Avantage sur la concurrence

Pourquoi les métaux russes deviennent-ils plus intéressants ? “À l’heure où beaucoup peinent à gagner de l’argent dans le commerce des métaux, les transactions portant sur les approvisionnements russes sont l’un des rares domaines où il est possible de réaliser un solide profit”, explique un responsable d’une société de commerce.

Dans un contexte de ralentissement économique mondial, les métaux voient en effet leur valeur chuter, comme la demande est moins forte. Mais en achetant des métaux russes, vendus moins chers à cause des boycotts, il est donc possible de réaliser une marge, en résumé.

La maison de commerce Trafigura notamment fait ses emplettes en Russie, selon l’enquête, signant de nouveaux contrats. Plus de 100.000 tonnes de cuivre et des quantités “significatives” de nickel chez Norilsk. Tout comme 200.000 tonnes d’aluminium chez Rusal. Pour un autre contrat, le tarder participe aux enchères (tout comme le Suisse Open Mineral) : il s’agit du zinc d’une nouvelle mine gigantesque qui doit commencer ses activités dans les mois qui viennent, en Sibérie. Le but : prendre de l’avance sur son concurrent Glencore. Ce dernier indique de son côté ne pas conclure de nouveau contrats en Russie, mais continuer à honorer ses contrats datant d’avant la guerre.

À côté du milieu du trading de matières premières, le monde financier commence aussi à faire fi des tabous concernant les métaux russes. Citi et Squarepoint Capital ont par exemple acheté de “grands volumes” d’aluminium russes à la Bourse des Métaux de Londres (LME). Ce métal russe serait d’ailleurs prédominant dans les entrepôts de la LME. Jusqu’en août, Citi évitait encore d’y négocier des produits russes.

Un tabou brisé, mais qui n’a pas disparu

Si ces entreprises brisent le tabou d’acheter des métaux russes (mais pas les sanctions portant sur des entreprises russes spécifiques), d’autres font le choix de rester à l’écart de ces affaires. C’est par exemple le cas de Red Metal, une société de trading suisse.
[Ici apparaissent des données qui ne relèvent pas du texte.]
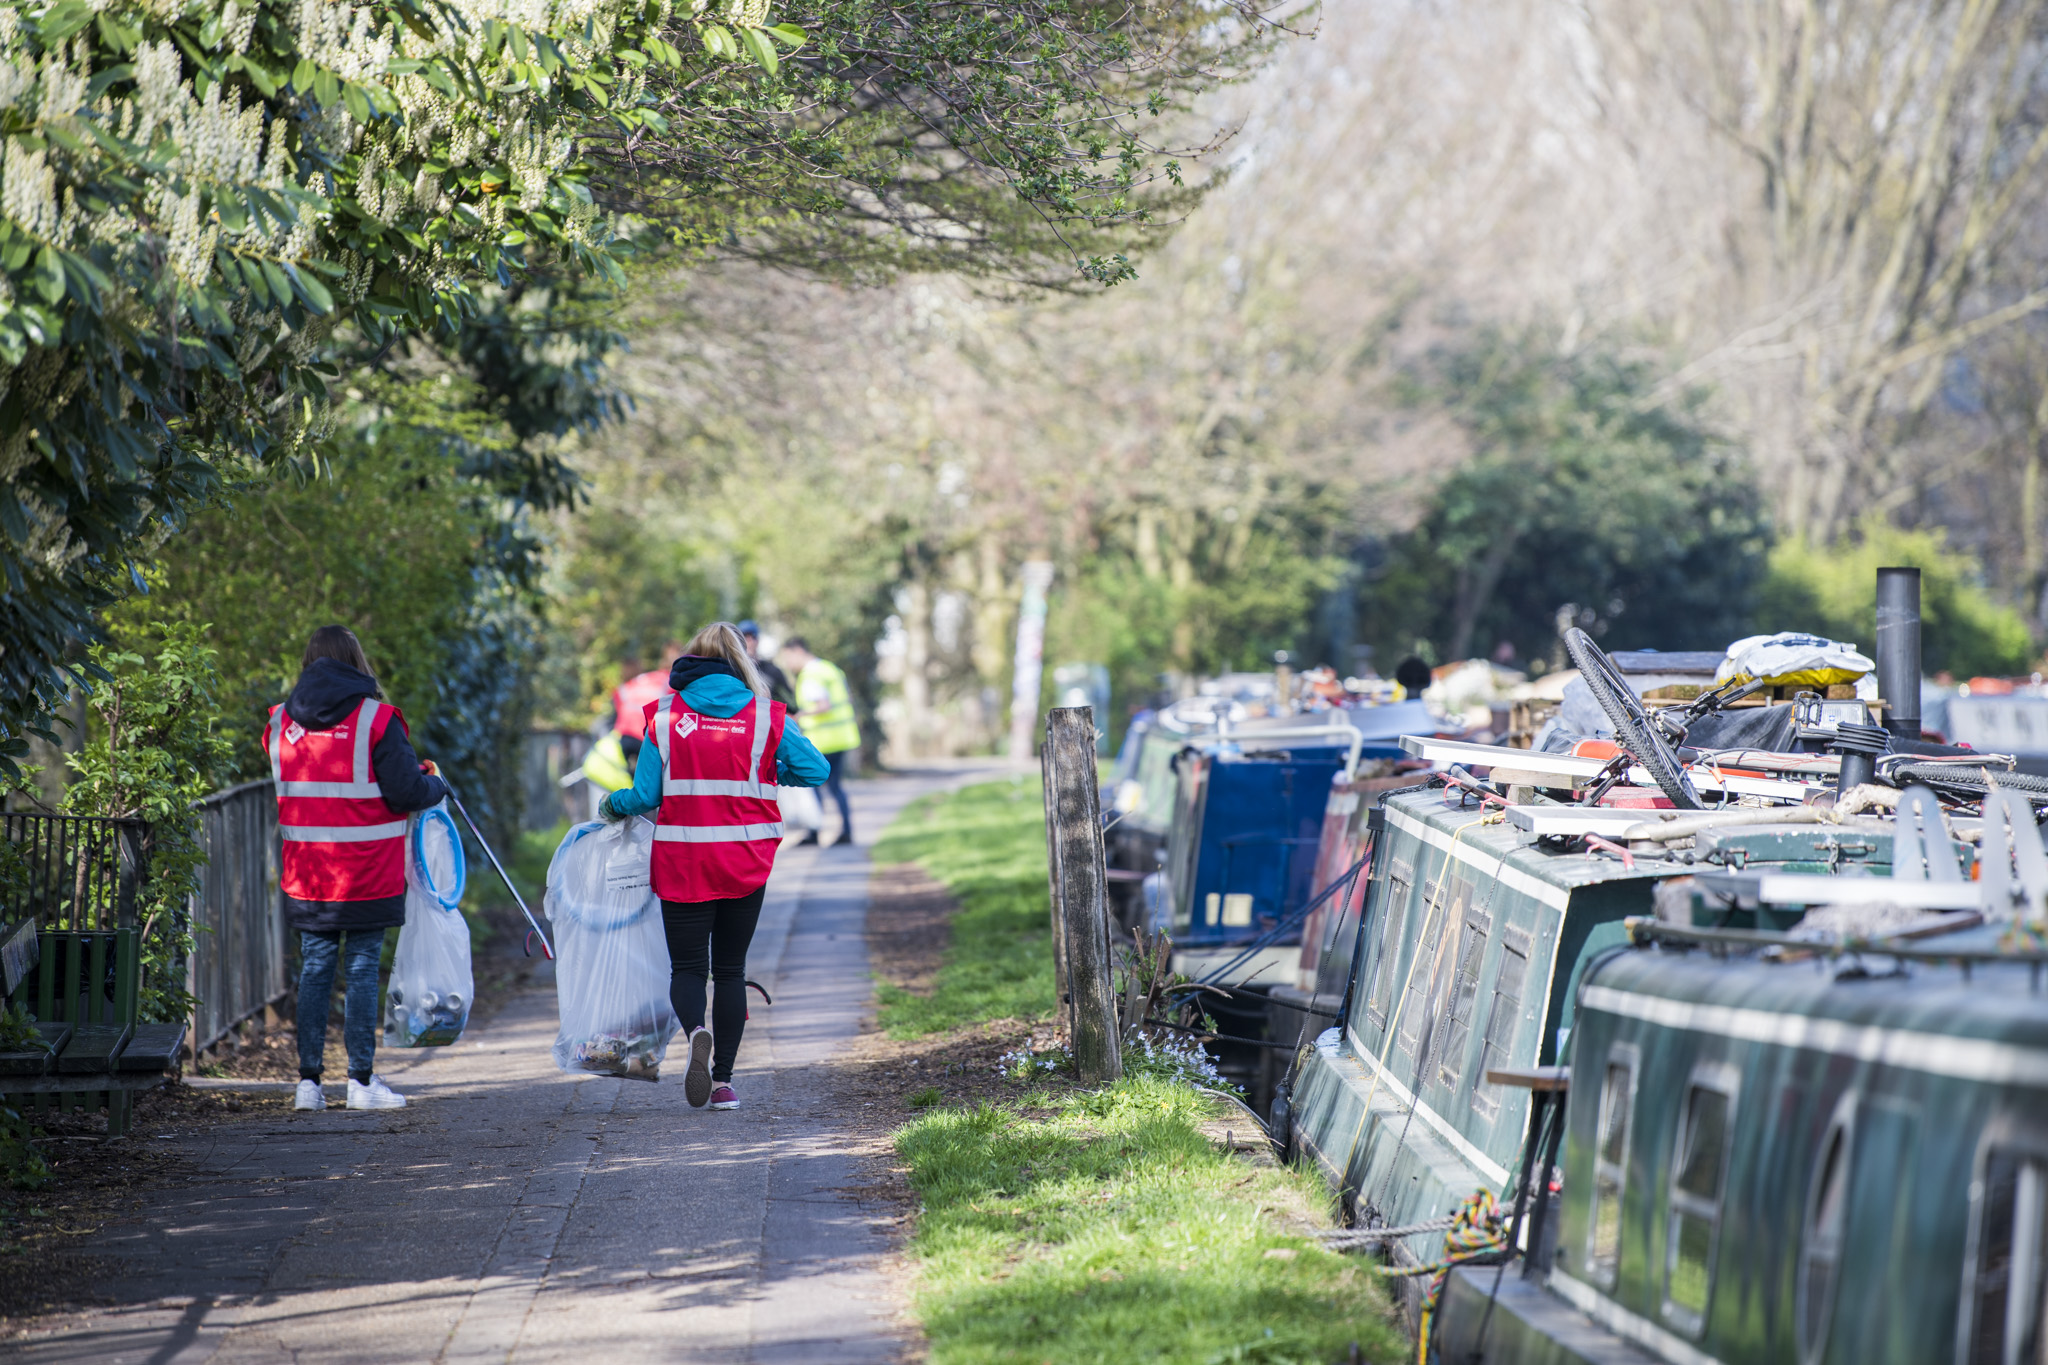 An image of a litter pick Grand Union Canal in Paddington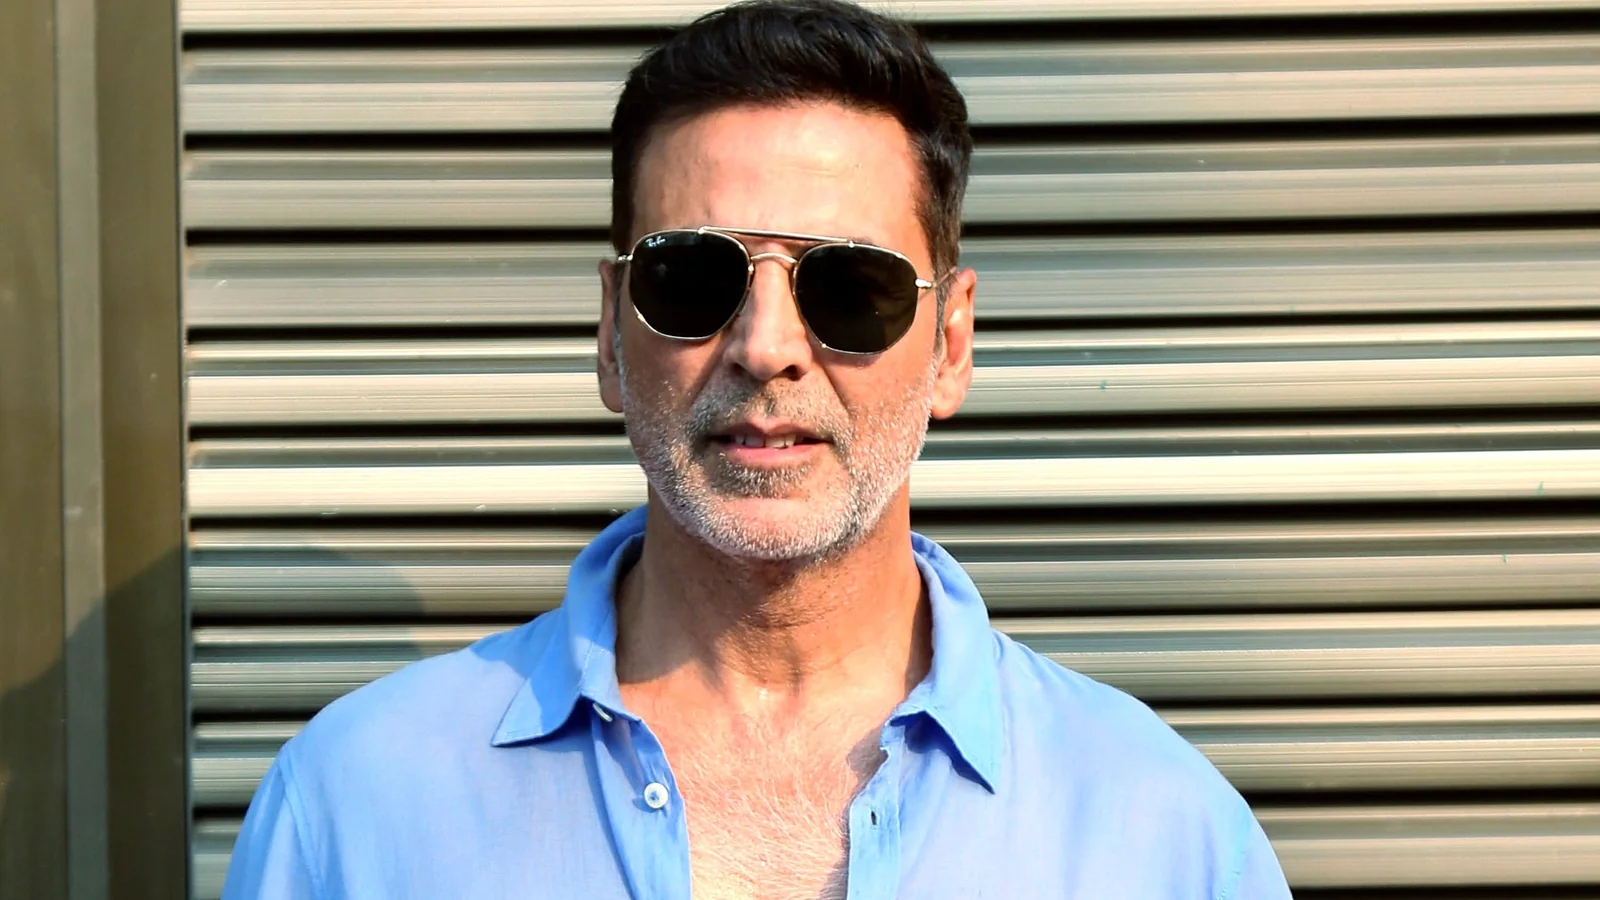 Akshay Kumar hoped Bachchhan Paandey would do better at box office: ‘We came in the eye of The Kashmir Files storm’

Anciennement grand client de cuivre russe, elle a “mis fin à tous les contrats avec les fournisseurs russes et la dernière livraison que nous avons reçue date du 6 septembre 2023”, explique son directeur Milan Popovic. L’entreprise se tourne vers d’autres pays, l’Asie centrale notamment.

Dans le monde financier aussi, malgré les achats de métaux russes à la Bourse des Métaux, les achats directs à des entreprises russes sont très rares. Mais certaines banques évitent même ces achats indirects, comme la Banque de Montréal.

Preuve que dans le monde du trading et de la finance, tout n’est pas tout noir ou tout blanc, et que les différents acteurs ne sont pas régis par les mêmes principes.